Sample content of the CORS environment variable:
[
{
"uriPattern": "^\route1$",
"allowedMethods": [
"GET"
],
"allowedOrigin": [
{
"host": "my_example.my_domain",
"protocol": "https",
"port": 345
}
],
"maxAge": 3600,
"allowedHeaders": [
"Authorization",
"Content-Type"
],
"exposeHeaders": [
"customHeader1",
"customHeader2"
],
"allowedCredentials": true
}
]
It is also possible to include the CORS in the manifest.yml and manifest-op.yml files:
- name: node-hello-world
memory: 100M
path: web
env:
CORS: >
[
{
"allowedOrigin":[
{
"host":"my_host",
"protocol":"https"
}
],
"uriPattern":"^/route1$"
}
]
For route with source that match the REGEX ?^\route1$?, the CORS configuration is enabled.
Direct Routing URI Patterns configuration
With the direct routing URI patterns configuration, you can define a list of URIs that are directed to the routing configuration file (xs-app.json file) of the application router instead of to a specific application's xs-app.json file that is stored in the HTML5 Application Repository. This configuration improves the application loading time and monitoring options because it prevents unnecessary calls to the HTML5 Application Repository.
The configuration is an array of strings or regular expressions. Note that the following regular expressions are preconfigured in the configuration array: "^favicon.ico$", "^login$". Therefore, do not name your HTML5 applications "favicon.ico" or "login"!
You have to provide only the first segment in the URL, after the approuter host. For example, for the URL https://approuter-host/route1/index.html, you enter "route1" in the direct routing URI patterns array.
Sample content of the Direct Routing URI Patterns environment variable:
env:
DIRECT_ROUTING_URI_PATTERNS: >
["route1", "^route2$", "route3"]
NodeJS Minimal Logging Level configuration
With this configuration, you can set the minimal logging level of the cf-nodejs-logging-support library of the application router. The following levels are available:
off
error
warn
info
verbose
debug
silly
The default value is "error".
Here is a sample content for the NodeJS minimal logging level environment variable:
env:
CF_NODEJS_LOGGING_LEVEL: "debug"
Note The application router also uses the @sap/logging library. To configure the log level for this library, you use the XS_APP_LOG_LEVEL environment variable.
Dynamic Identity Provider configuration
If dynamicIdentityProvider is set to true, the end user can set the identity provider (IDP) for the application’s login process. If SAP Authorization and Trust Management is used, the request query parameter sap_idp must be filled with the IDP origin key. If Identity Authentication is used, the sap_idp request query parameter must be filled with the name of the corporate identity provider configured in the administration console. If the IdentityProvider property is defined in the route, its value will be overwritten by the sap_idp query parameter value. The default value for dynamicIdentityProvider is false. This configuration is relevant for a standalone approuter scenario and it is set for all routes.
Here is a sample content for the dynamic identity provider environment variable:
env:
DYNAMIC_IDENTITY_PROVIDER: true
Routes
A route is a configuration that instructs the application router how to process an incoming request with a specific path.

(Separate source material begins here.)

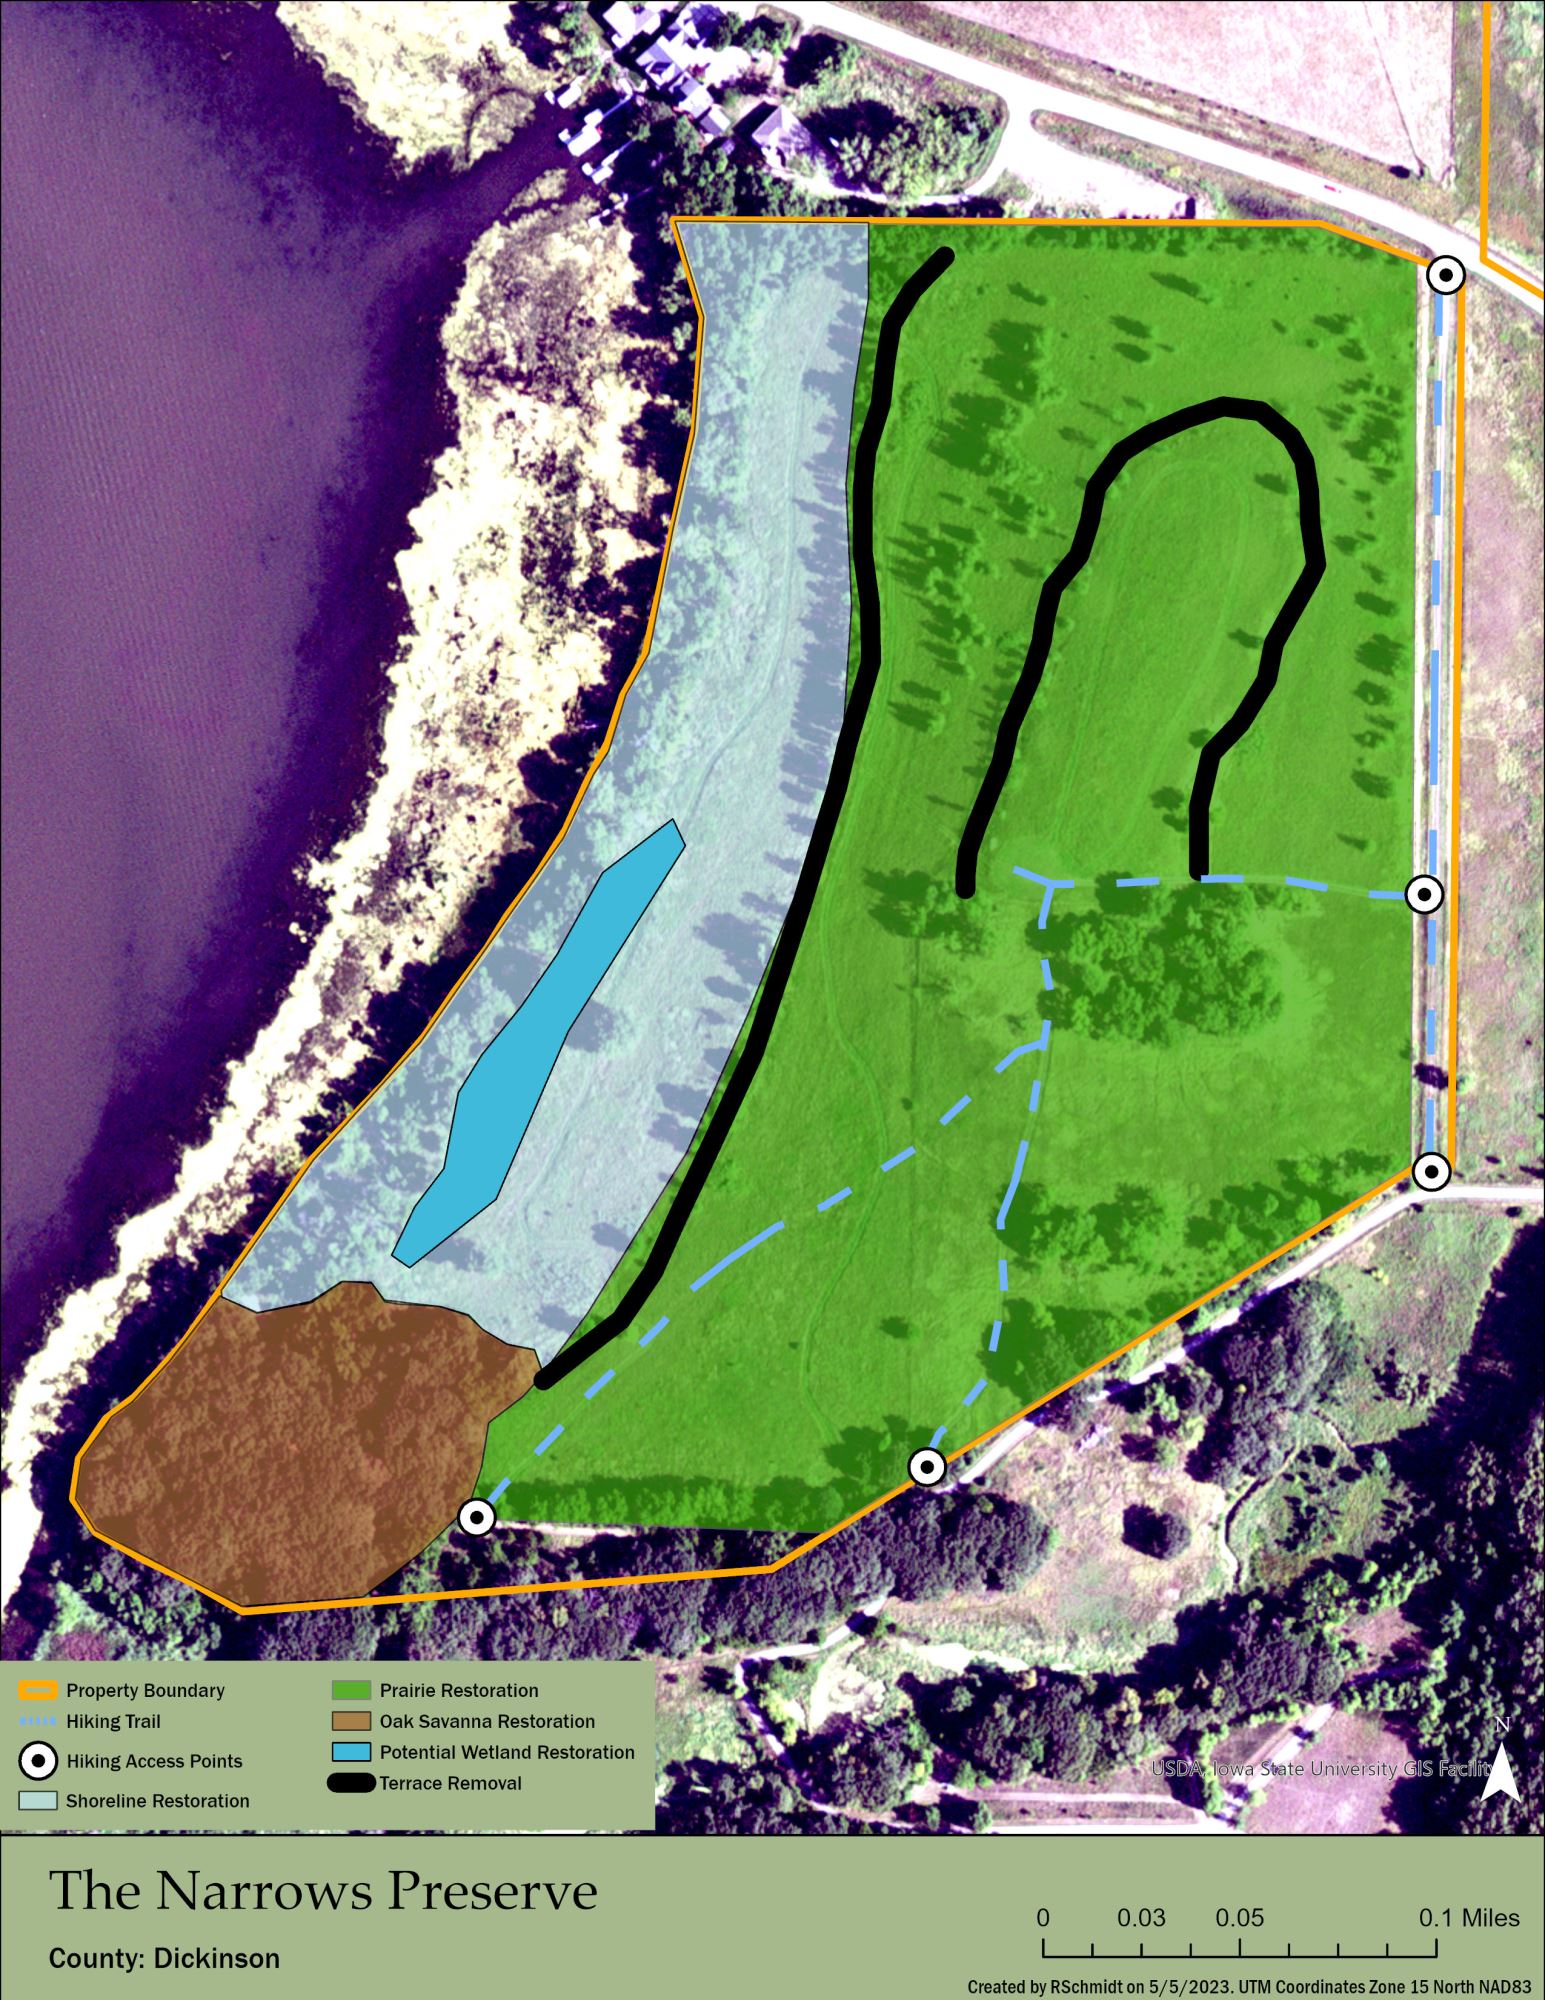 Map showing where different management work will be done at The Narrows Preserve

Property | Type | Optional | Description
-------- | ---- |:--------:| -----------
source | String/Object | | Describes a regular expression that matches the incoming request URL. Note: A request matches a particular route if its path contains the given pattern. To ensure the RegExp matches the complete path, use the following form: ^$. </br> **Note:** Be aware that the RegExp is applied to on the full URL including query parameters.
httpMethods | Array of upper-case HTTP methods | x | Which HTTP methods will be served by this route; the methods supported are:
DELETE,
GET,
HEAD,
OPTIONS,
POST,
PUT,
TRACE,
PATCH(no extension methods are supported). If this option is not specified, the route will serve any HTTP method.

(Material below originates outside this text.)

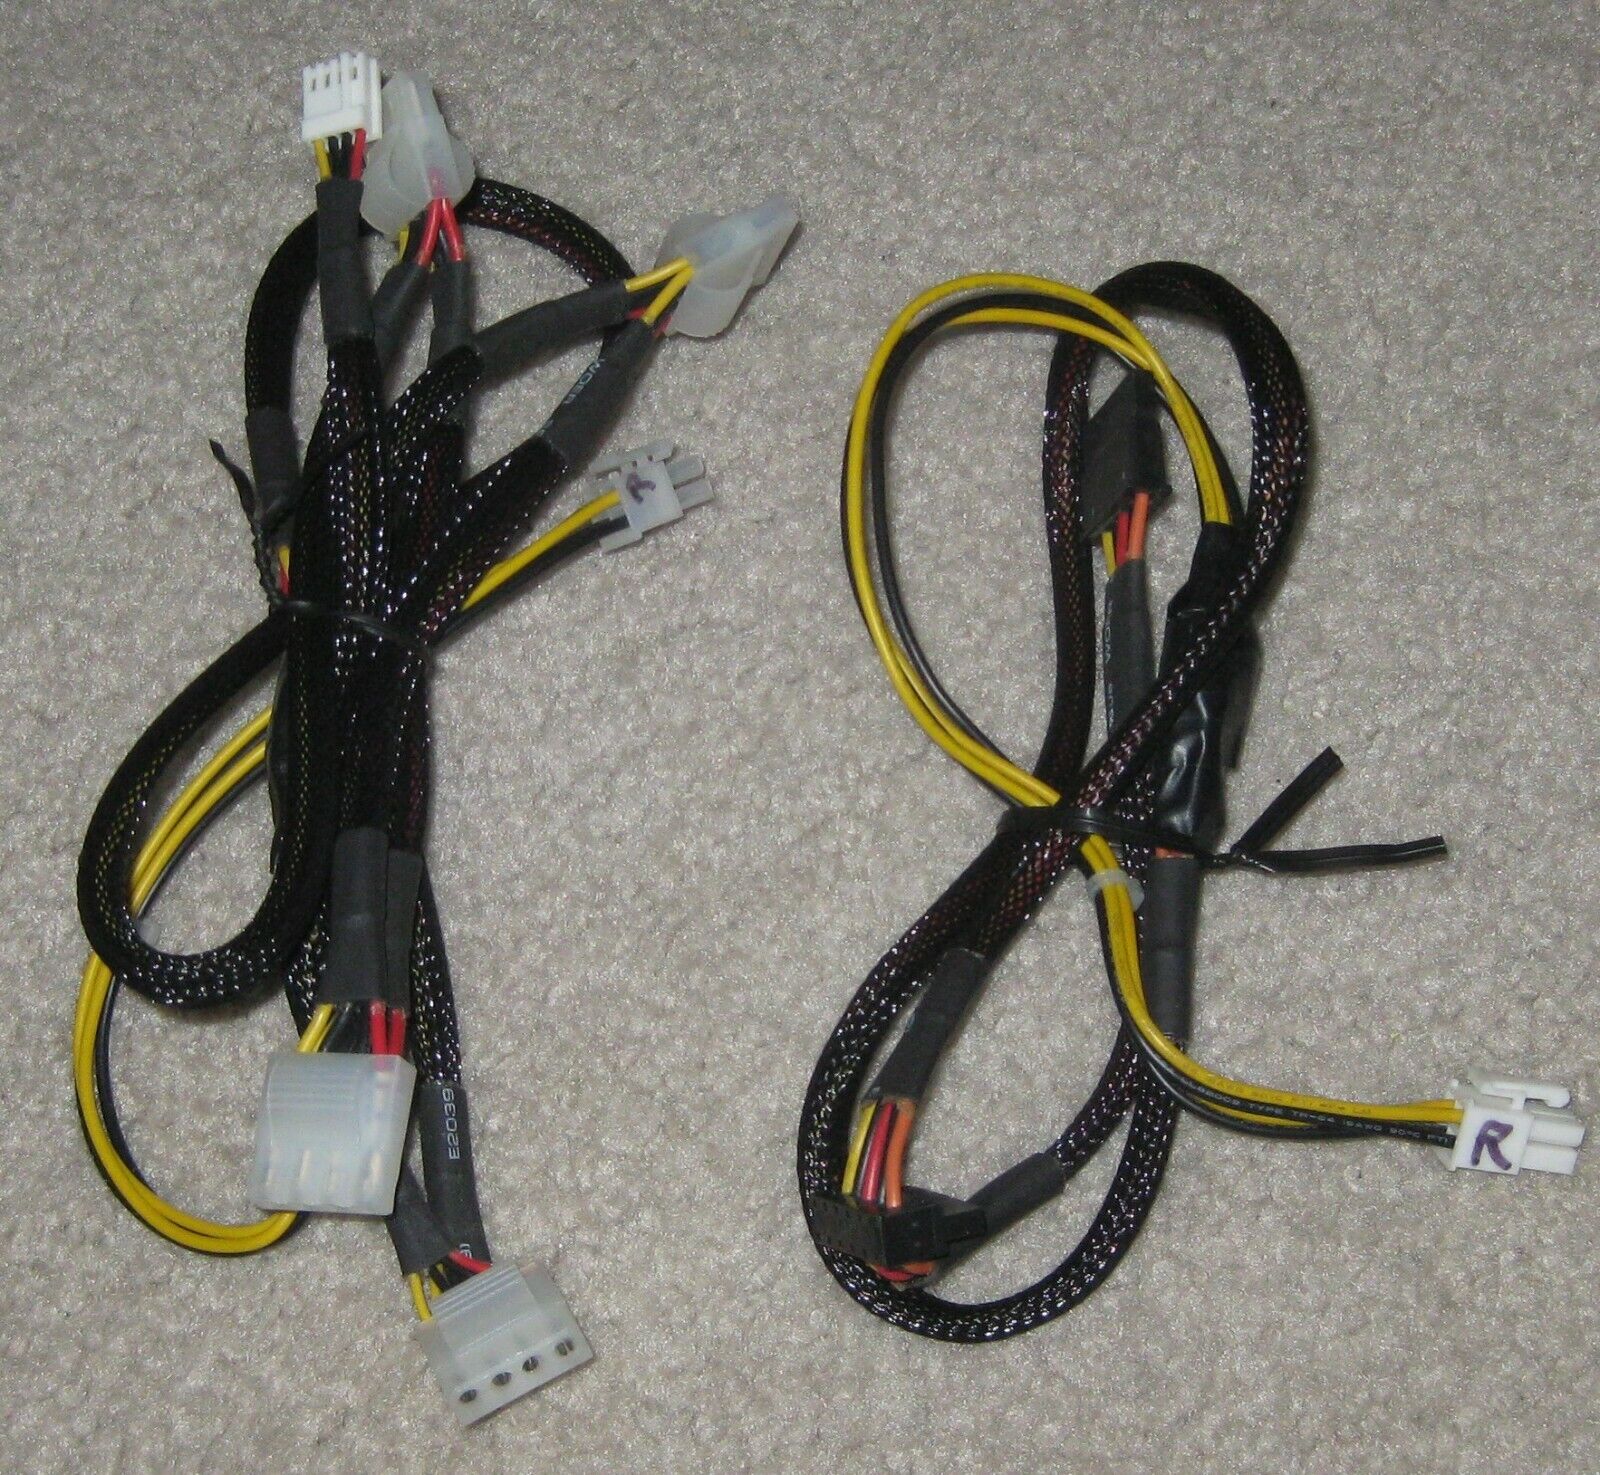 Mad Dog MD-550SCPS ATX Switching Power Supply Cables 550W Intel P4/AMD K8 Used 1

target | String | x | Defines how the incoming request path will be rewritten for the corresponding destination or static resource.

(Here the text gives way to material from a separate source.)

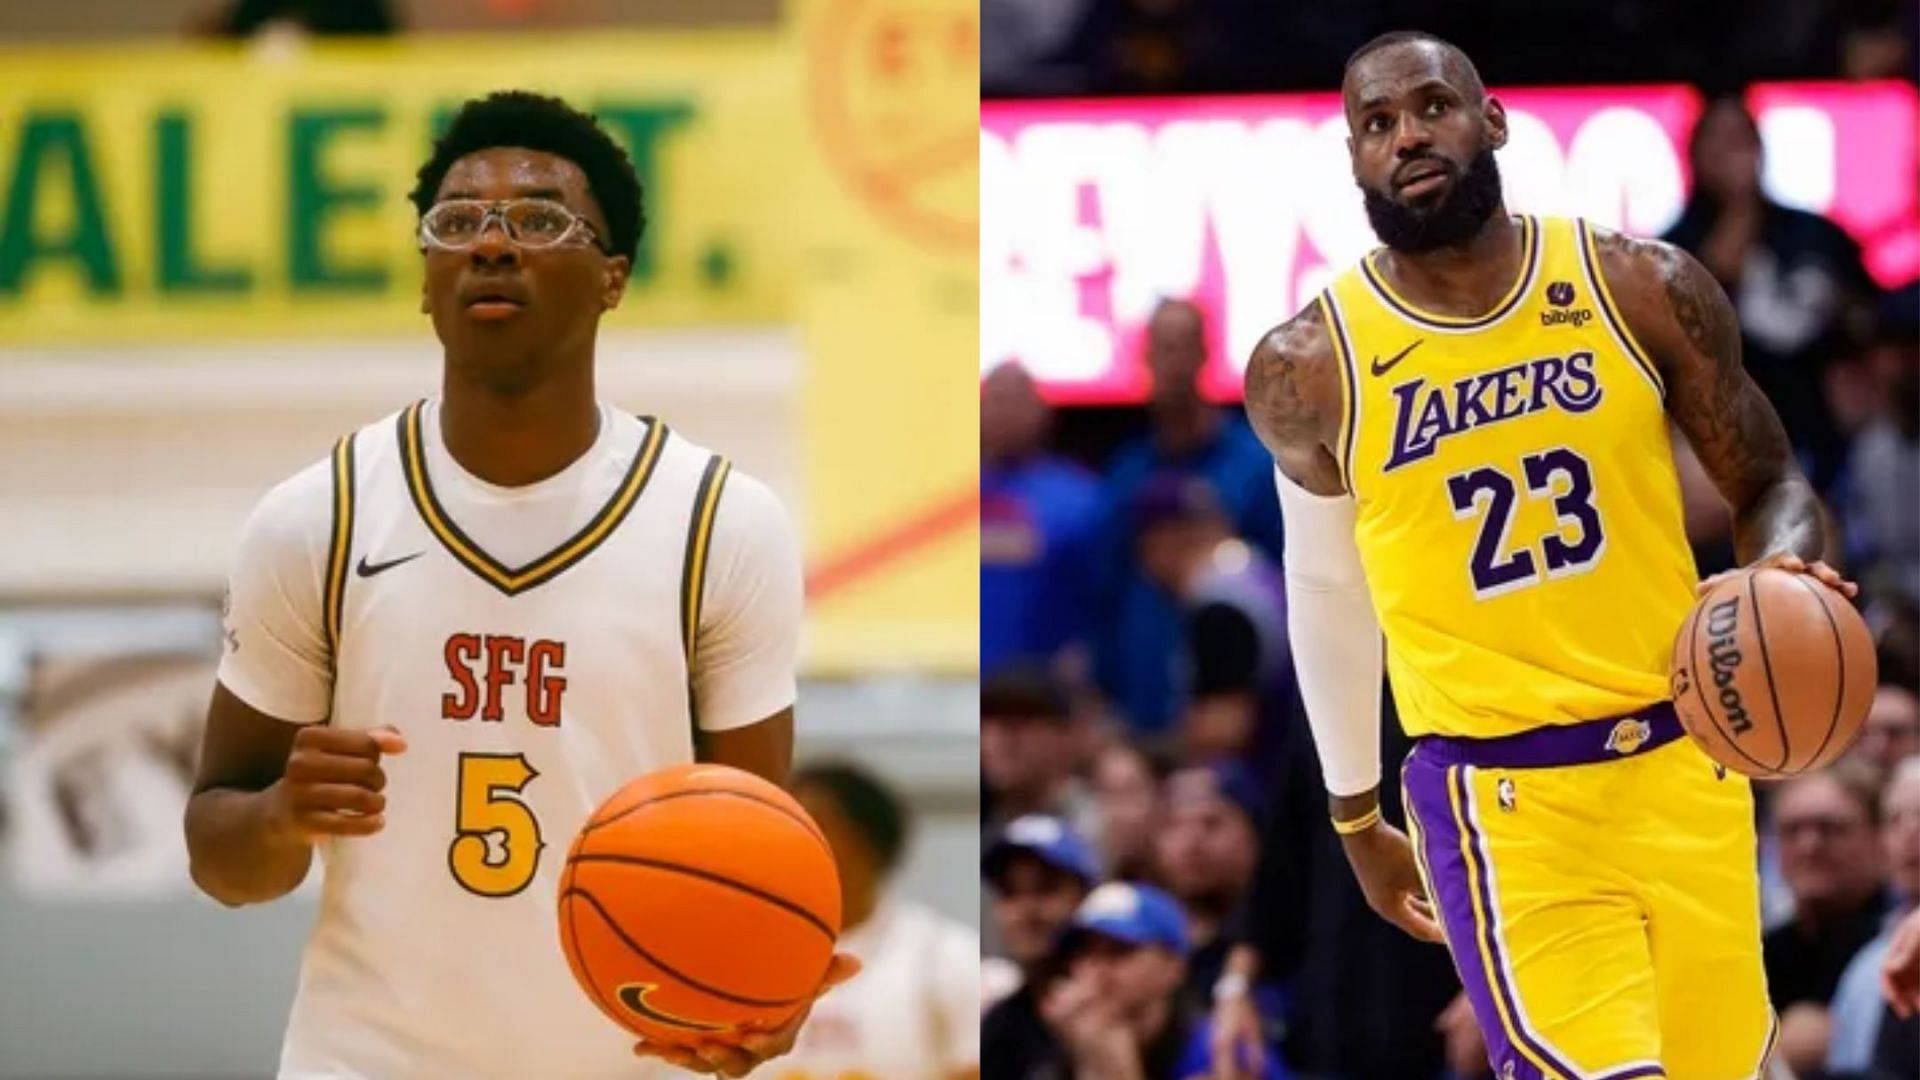 Bryce James (left) is eligible for the NBA Draft in 2026. His father LeBron (right) is still playing in the NBA at a higher level with the Los Angeles Lakers. (Image Source: IMAGN)

destination | String | x | The name of the destination to which the incoming request should be forwarded. The destination name can be a static string or a regular expression that defines how to dynamically fetch the destination name from the source property or from the host.
service | String | x | The name of the service to which the incoming request should be forwarded.
endpoint | String | x | The name of the endpoint within the service to which the incoming request should be forwarded. Can only be used in a route containing a service attribute.
localDir | String | x | Folder in the [working directory](#working-directory) from which the application router will serve static content **Note:** localDir routes support only HEAD and GET requests; requests with any other method receive a 405 Method Not Allowed.
preferLocal | Boolean | x | Defines from which subaccount the destination is retrieved. If preferLocal is true, the destination is retrieved from the provider subaccount. If preferLocal is false or undefined, the destination is retrieved from the subscriber subaccount.
replace | Object | x | An object that contains the configuration for replacing placeholders with values from the environment. *It is only relevant for static resources*. Its structure is described in [Replacements](#replacements).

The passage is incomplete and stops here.